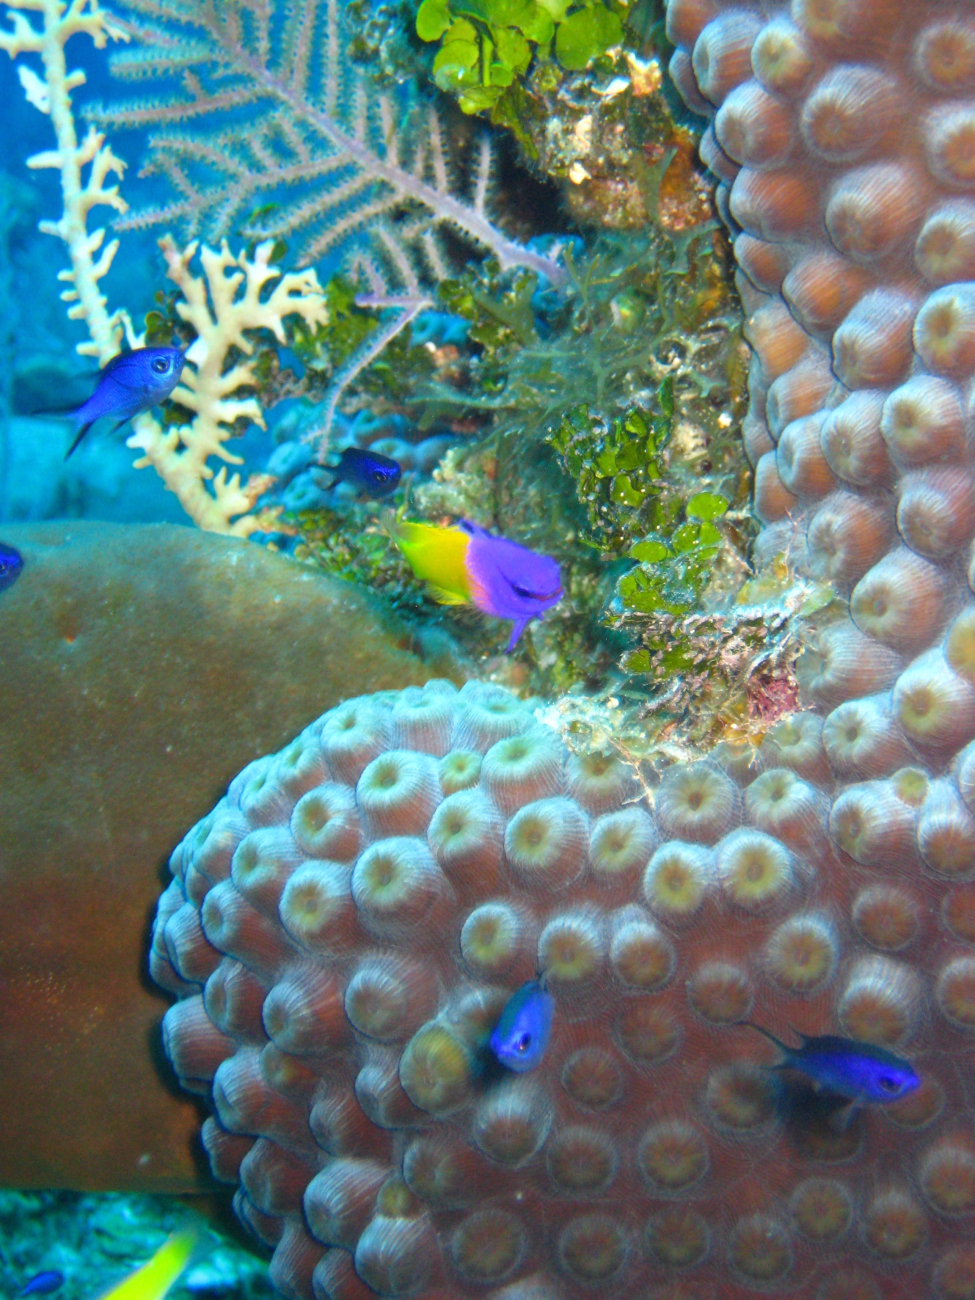 Star coral, blue chromis, fire coral, branched hydrozoan, green algae, and apurple and yellow fairy basslet (Gramma loreto)
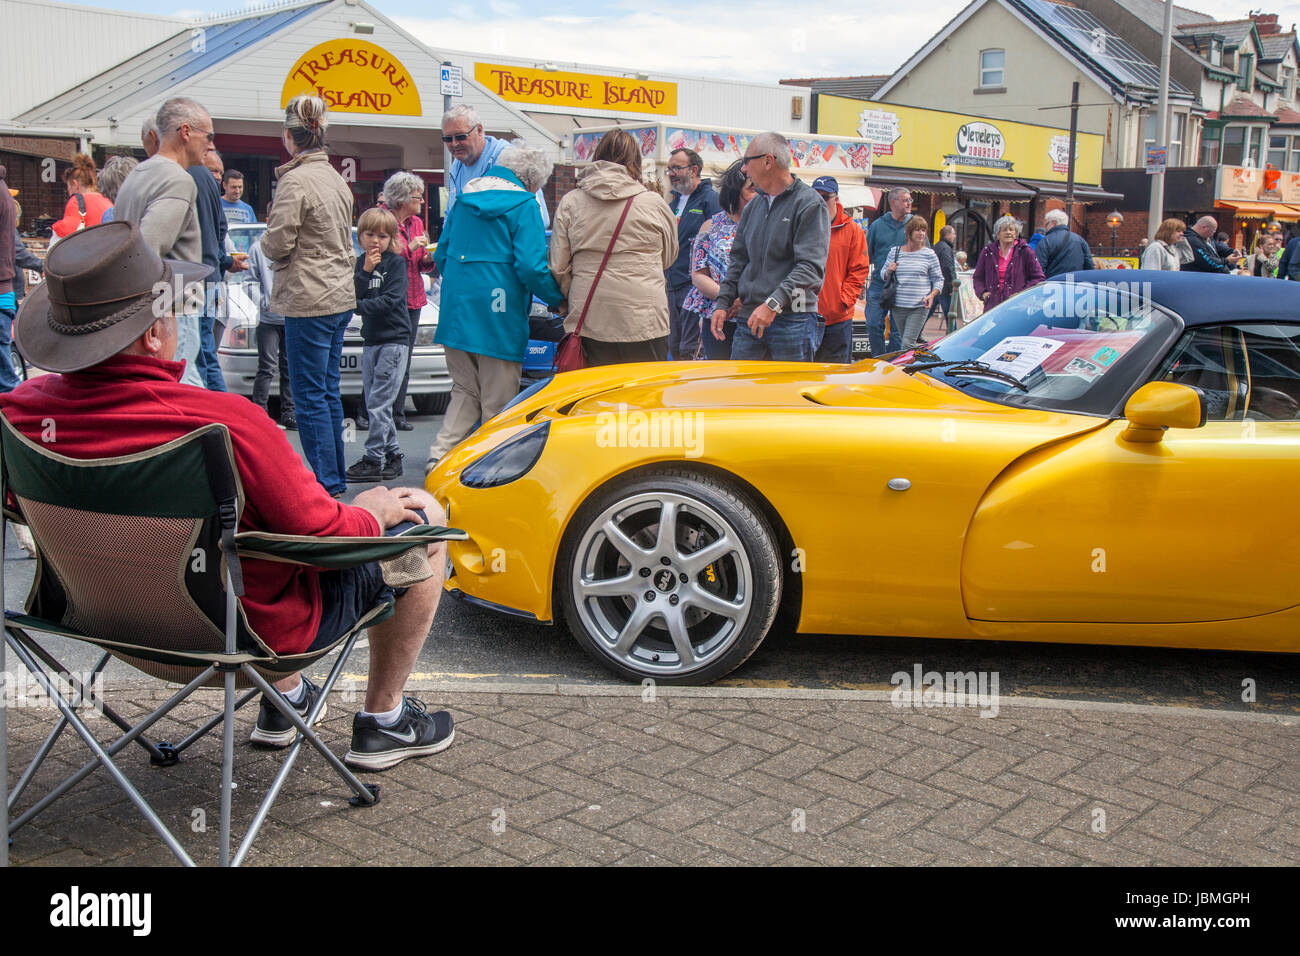 2003 Yellow TVR Tamora at the Cleveleys Car Show is a yearly event which is staged along Victoria Road West and the Sea front Promenade in Cleveleys Town Centre. Stock Photo
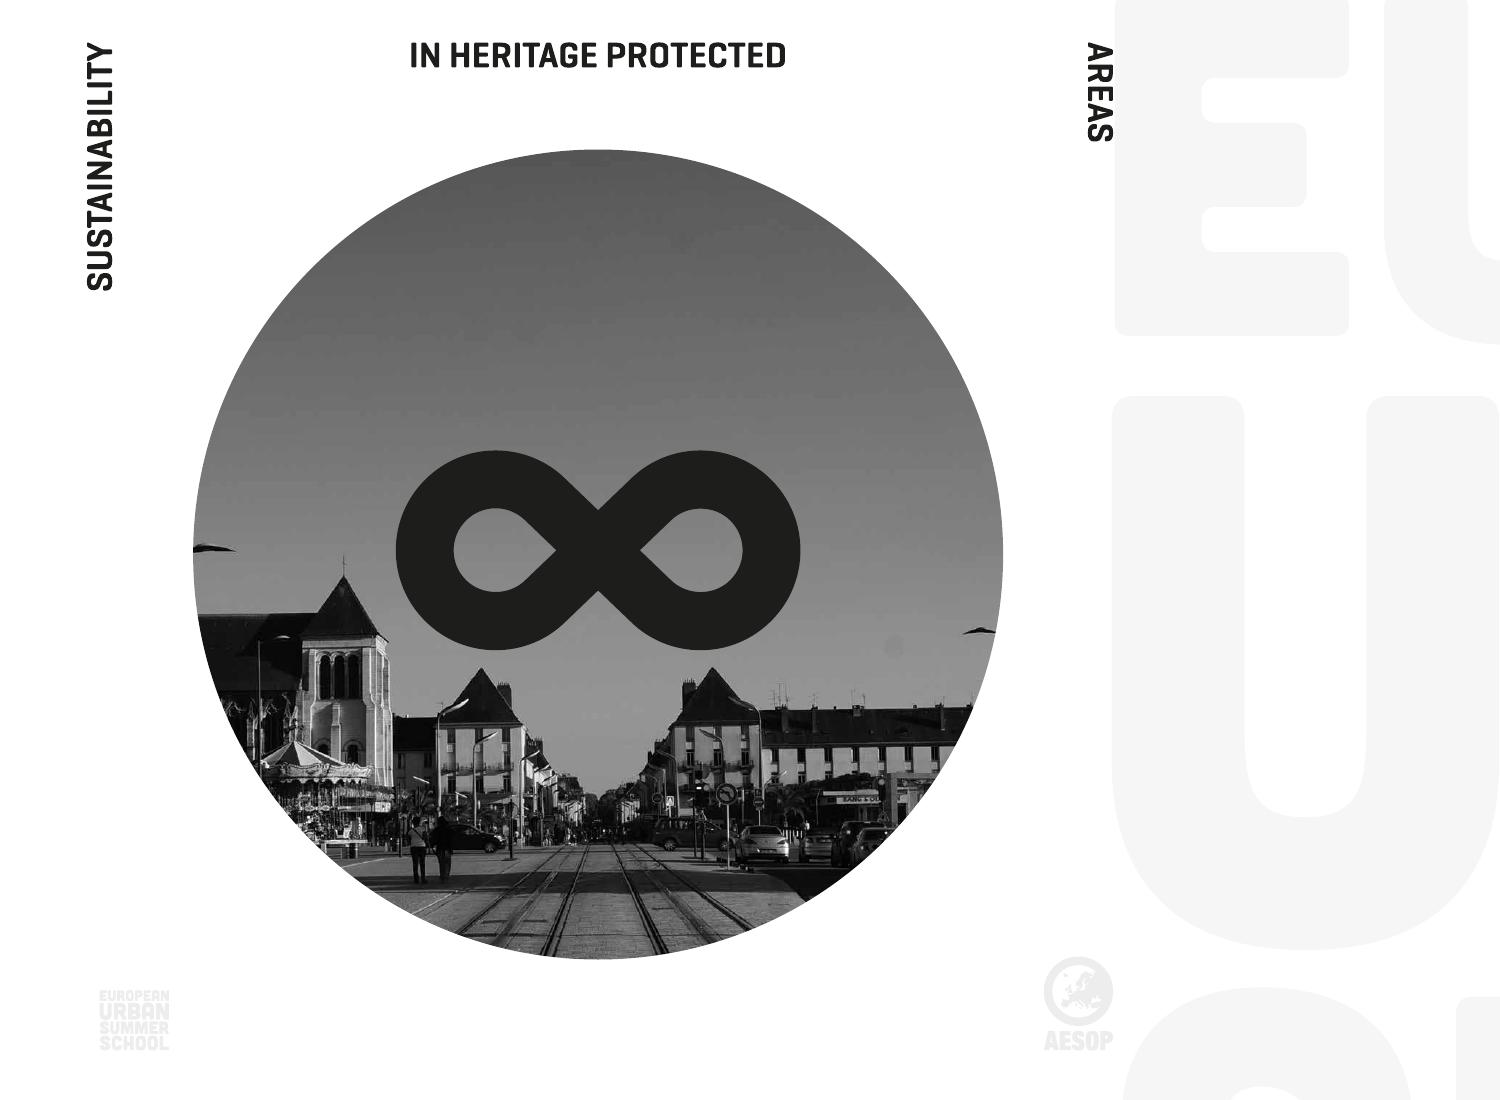 Salon De Jardin Carrefour Nouveau Sustainability In Heritage Protected areas by Haveasign issuu
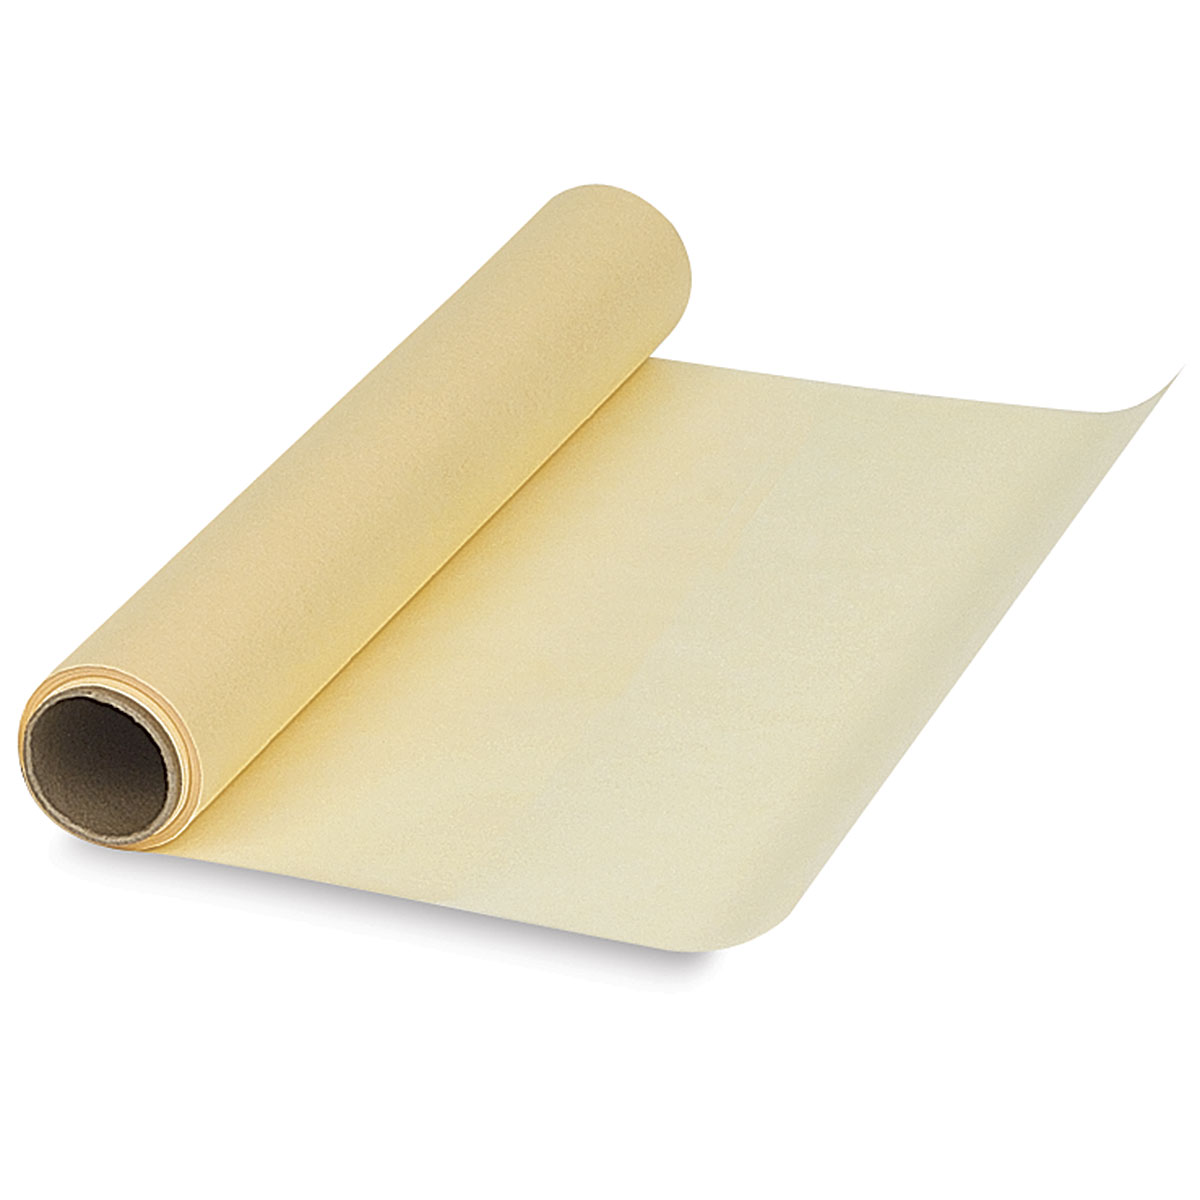 bienfang white sketch + trace paper roll no.106 – A Paper Hat
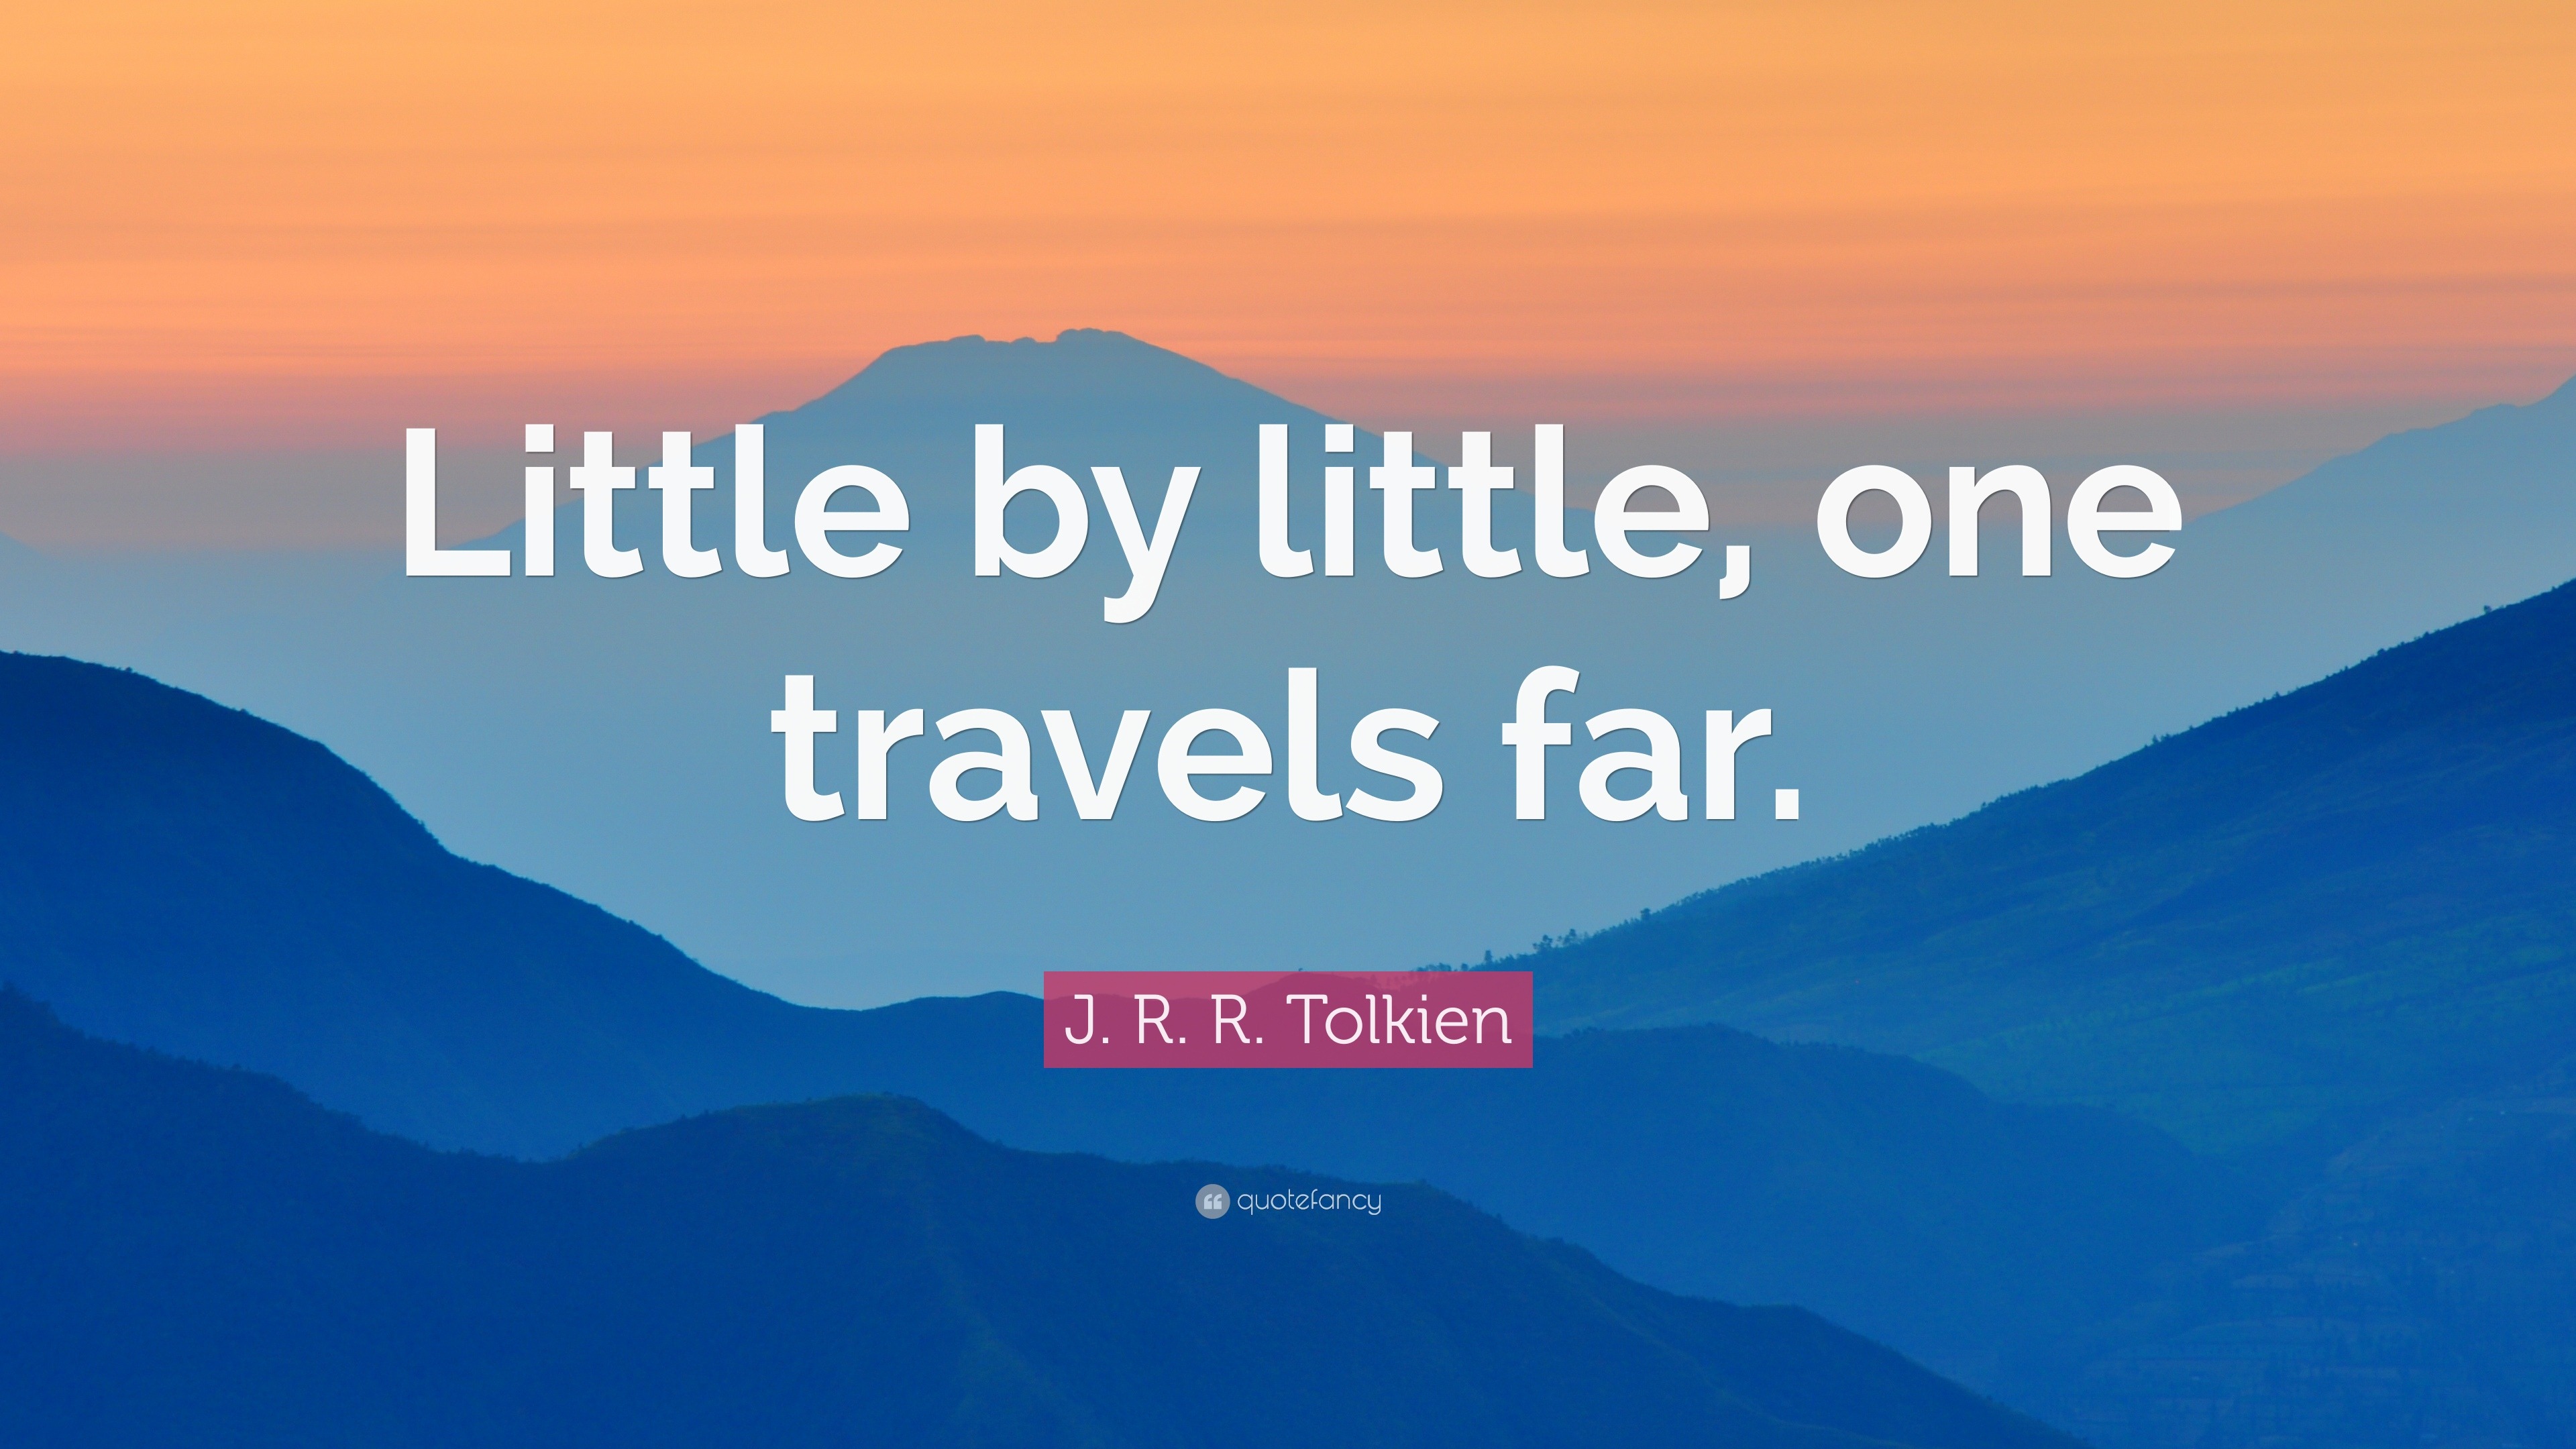 J. R. R. Tolkien Quote: “Little by little, one travels far.”

**About this exercise**
Begin at the top of the material above and output each line exactly, stopping after the line that holds "2003 Yellow TVR". Leave out pictures.

**Result below**
 Star coral, blue chromis, fire coral, branched hydrozoan, green algae, and apurple and yellow fairy basslet (Gramma loreto)
 2003 Yellow TVR Tamora at the Cleveleys Car Show is a yearly event which is staged along Victoria Road West and the Sea front Promenade in Cleveleys Town Centre. Stock Photo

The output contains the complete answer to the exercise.